After some sleuthing, I discovered the photo’s origins. However, the stunning photo spawned quite a remarkable discussion among we girls in chat:
Pinkie: I adore the pink, of course! But the jewels! In my wildest dreams, I never thought of doing that — but why on earth not?!
Me: Snags? lol
Miss Fussypants: Pish-posh. One risks snags whenever one displays stockings, lingerie, etc. to a partner.
Me: Touche! lol
Once upon a time, garters and stockings were much more adorned than now *dreamy wistful sighs*
Pinkie: True dat about the minute you expose them lol
I’d hate to count up the number of stockings I’ve sent to their violent deaths lol
Miss Fussypants: What do we think of the shaved-bare beaver, ladies? …Are we not struck by how no hair somehow communicates “not about sex; this is fashion” POV?
Pinkie: Don’t get me started on pubic hair *groan*
Me: Yes, by moderne standards, the banishment of pubic hair equals pristine. Pubic hair is dirty — not merely private, not merely sexual, but dirty & gross.

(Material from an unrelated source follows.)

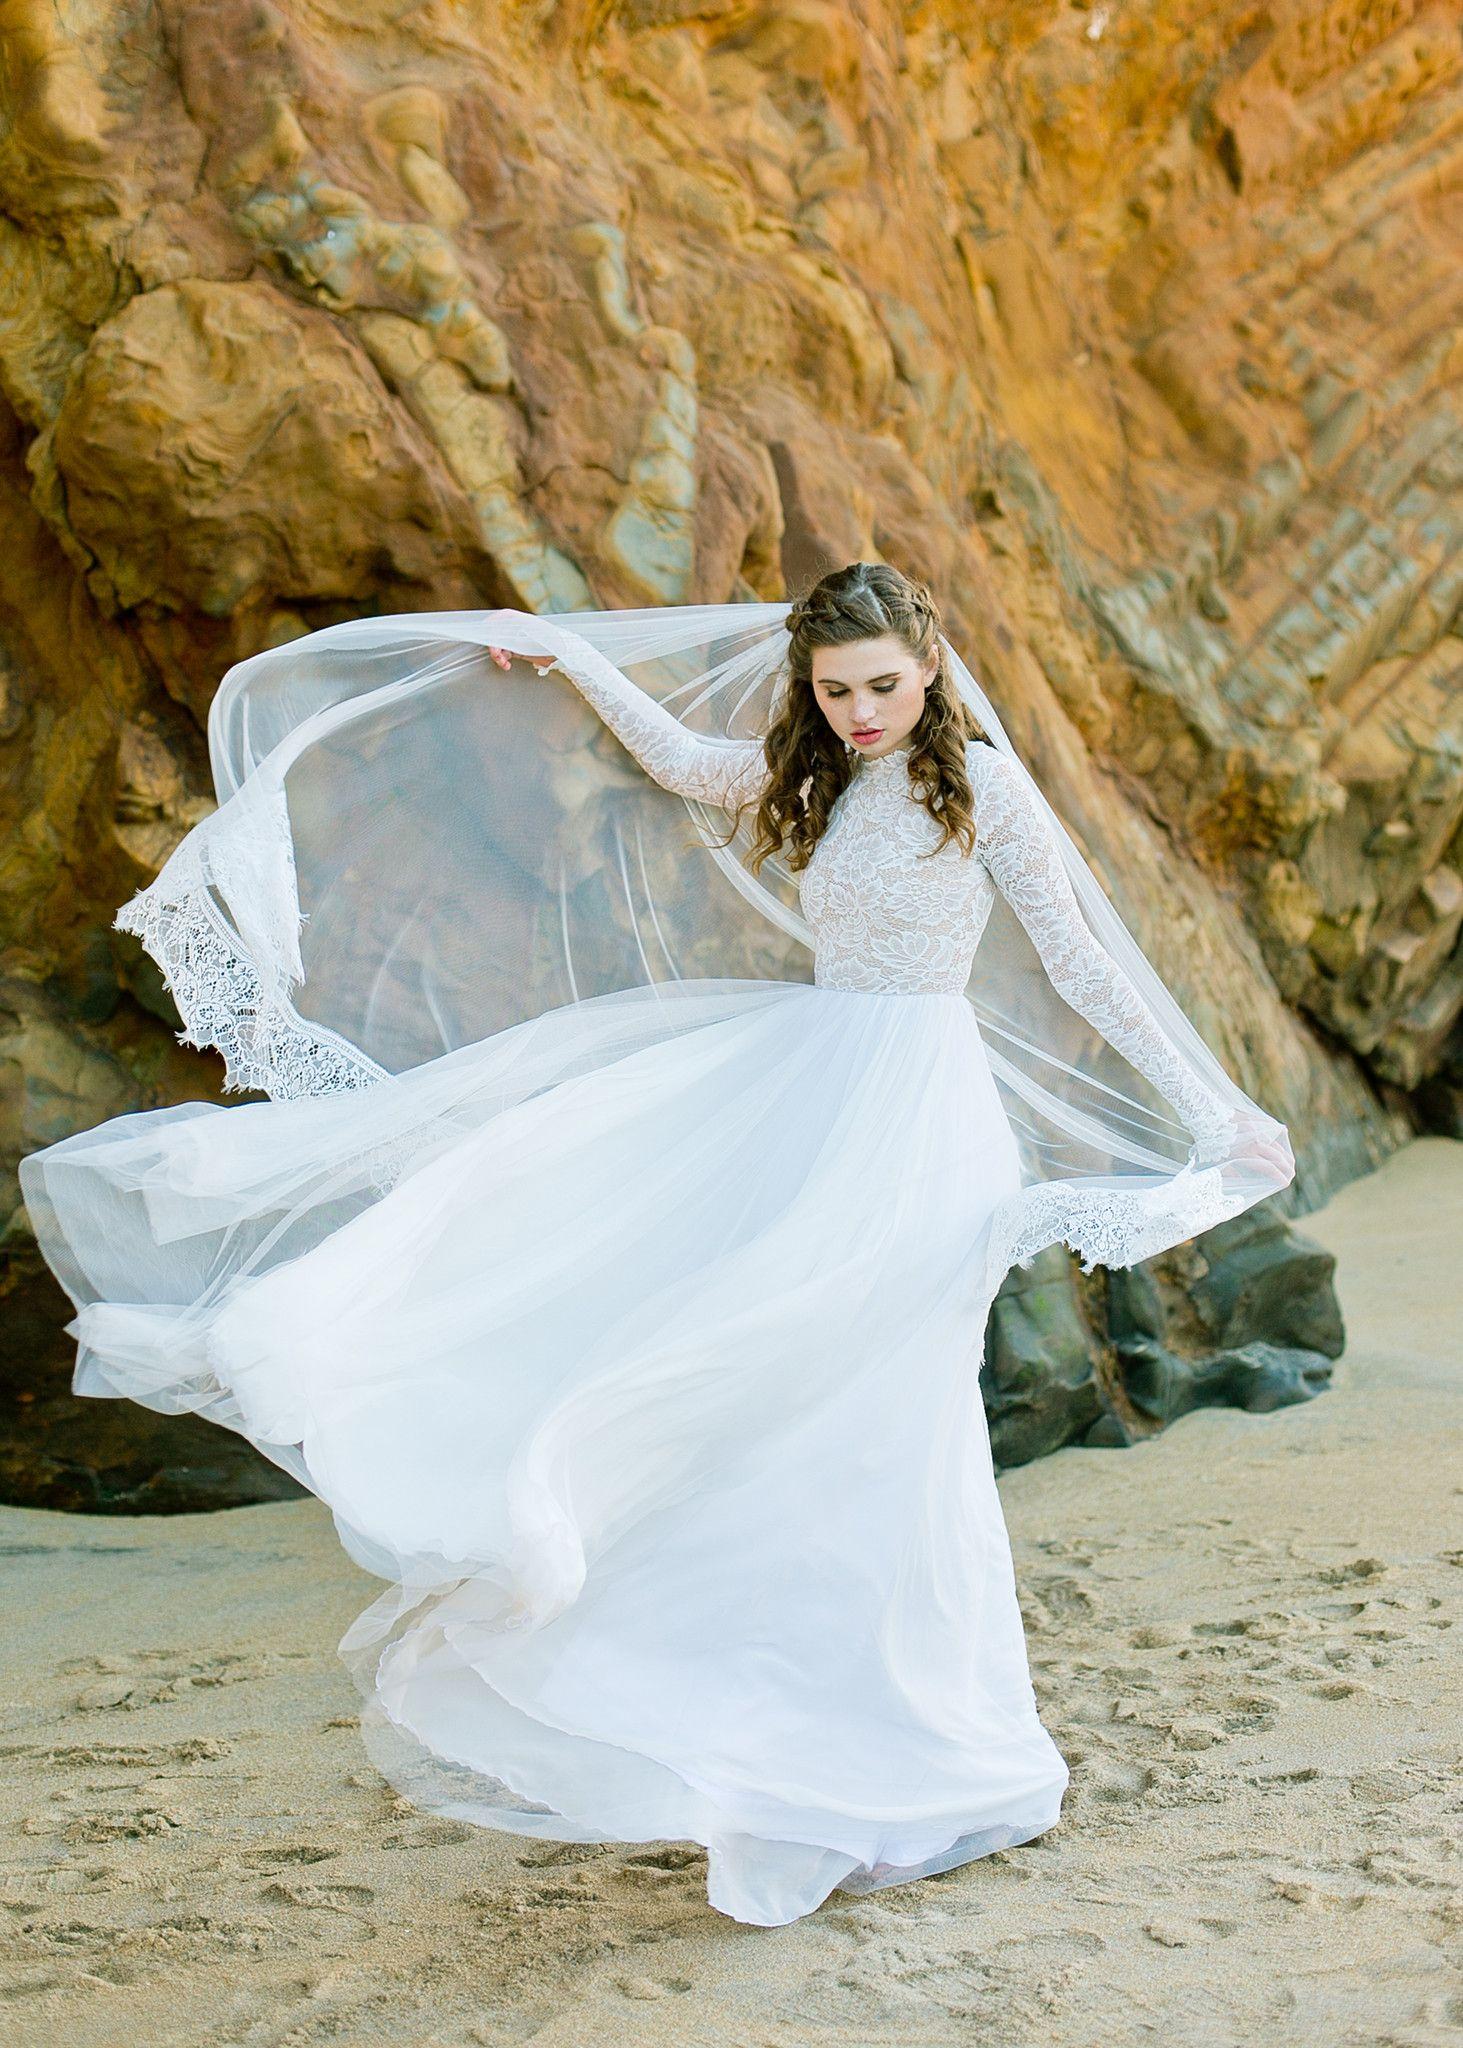 Zoey dress pinterest indie wedding dress hippy wedding
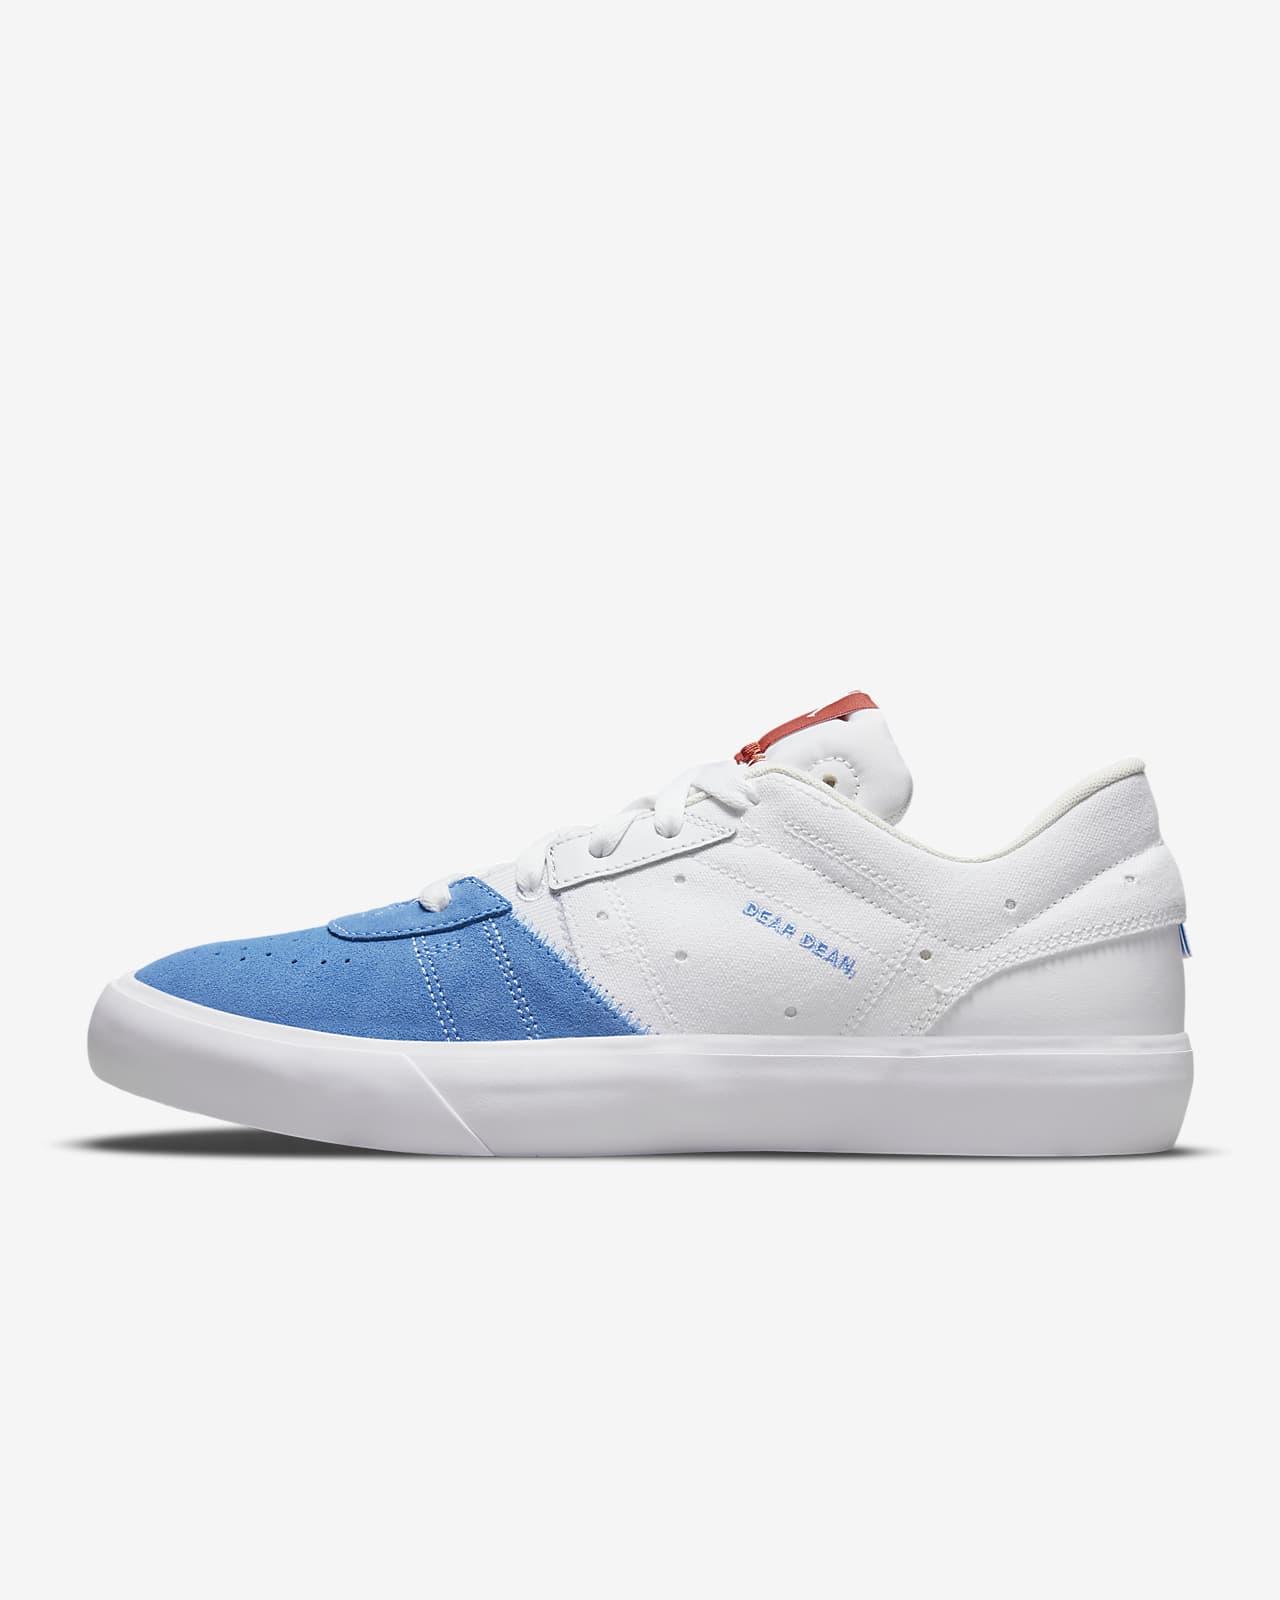 Calzado Jordan Series .02

Miss Fussypants: When did pubic hair become something horrible? It wasn’t the invention of the razor. The razor’s been around longer than pubic hair has been banished.
Me: I don’t know — but I appoint you to investigate lol
Miss Fussypants: lol –But I accept the challenge!
Pinkie: Would you really want to see hairs poking through those pretty pink dainty panties?
Miss Fussypants: Why not? Hair is there for a reason. And it certainly adds a layer of mystique…
Me: A bit trimmed, I should say. Just because these are such ladylike dainty panties, I can’t imagine not grooming. But no hair at all? It removes not only whatever “it” is that is “gross and dirty” but a lot of the desirable qualities such as touch, scent, mystery — more left to explore — and the practical protections from friction.
Miss Fussypants: If I didn’t know better, I’d expect Pinkie not to exercise herself in a manner to get any actions worthy of friction — just stand there and look pretty lol
Me: lol We know better! (Or is that, “We know worse?” lol)
Pinkie: Well, in any case, I think I shall go and bejewel my garters.